Chinese banks have quietly pushed retail deposit rates lower at the start of the year, with large-denomination certificates of deposit for short tenors dipping into the “0.x” territory. Major state-owned lenders including Industrial and Commercial Bank of China, Agricultural Bank of China and Bank of China are now offering one- and three-month large CDs at about 0.9%, a notable reduction from a year earlier.
Smaller regional lenders have moved even further: several rural commercial banks in Yunnan province have listed three-month large CDs at below 1%. Five-year large CDs have largely disappeared from many banks’ mobile apps, leaving two-year and shorter products as the longest-term options visible to retail customers.
Banking analysts point to a combination of central-bank policy and internal balance-sheet management as the drivers. The People’s Bank of China has enacted structural rate cuts and reserve requirement ratio reductions, loosening funding costs; at the same time banks are trying to stabilise net interest margins by tightly managing the price and volume of relatively expensive funding tools such as large CDs.
“Large-denomination CDs are active liabilities with typically higher prices and good liquidity, so banks are inclined to manage their issuance strictly to stabilise operations and ease NIM pressure,” says Wang Yifeng, chief analyst for financials at Everbright Securities. The shift reflects a trade-off between keeping wholesale-like retail funding available and reducing interest expense.
For household savers the change is direct and unwelcome: returns on short-term, ostensibly safe products are now lower than before, nudging investors toward other yield sources. The deputy director of the National Financial and Development Laboratory, Zeng Gang, has advised households to diversify away from medium- and long-term time deposits and to match investments with risk tolerance, signalling a recognition that deposit products will not be the reliable yield anchor they once were.
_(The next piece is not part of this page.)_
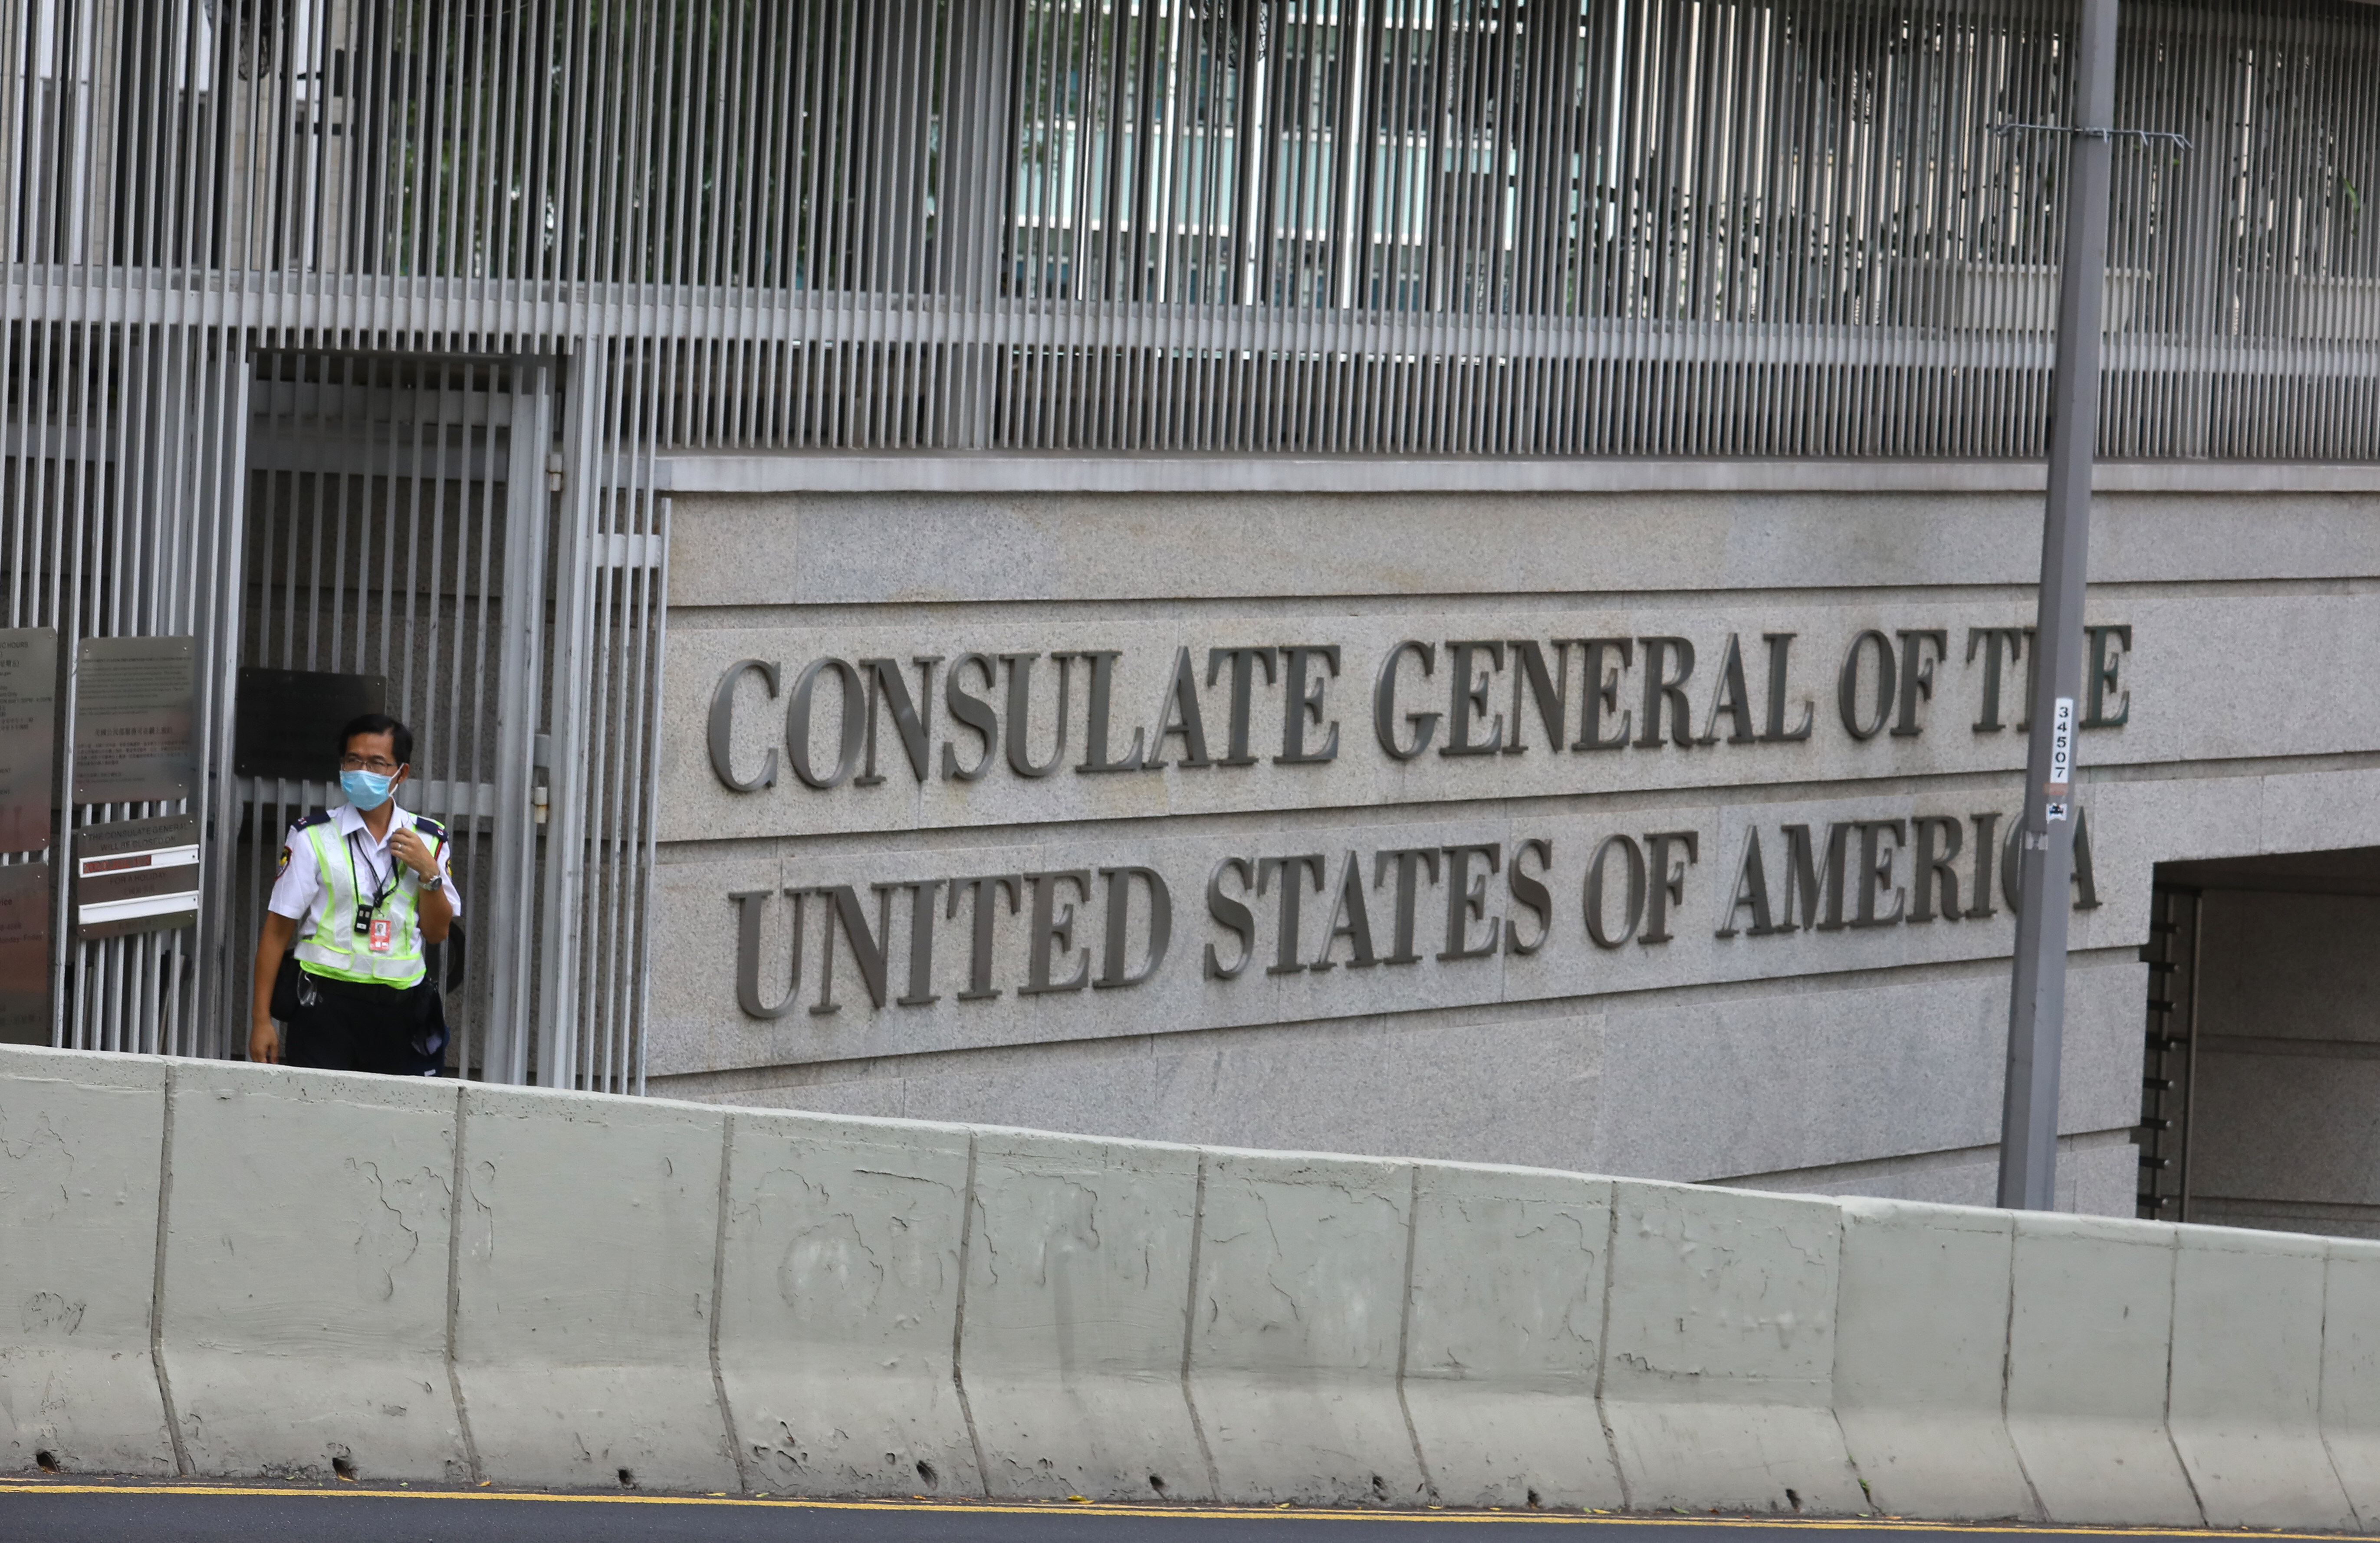 The US State Department on Friday defended its diplomats in Hong Kong after a local judge alluded to invitation from the consulate in her decision to deny a suspect bail. Photo: Dickson Lee

The move has wider implications. Lower deposit rates compress bank margins but also lower the cost of funding for credit growth, reinforcing official efforts to stimulate the economy via cheaper liquidity. Internationally, falling domestic deposit yields may push yield-seeking capital towards higher-return assets at home—equities, shadow-banking products—or abroad, with consequences for asset prices, leverage and cross-border flows.
Regulators and banks will need to balance several risks: protecting retail confidence and preventing a rush into opaque wealth products, keeping banks’ profitability sustainable, and ensuring easier funding translates into genuine credit support for businesses. Watch for continued shrinkage in long-term deposit issuance and further downward pressure on term deposit rates if the PBOC sustains easing measures.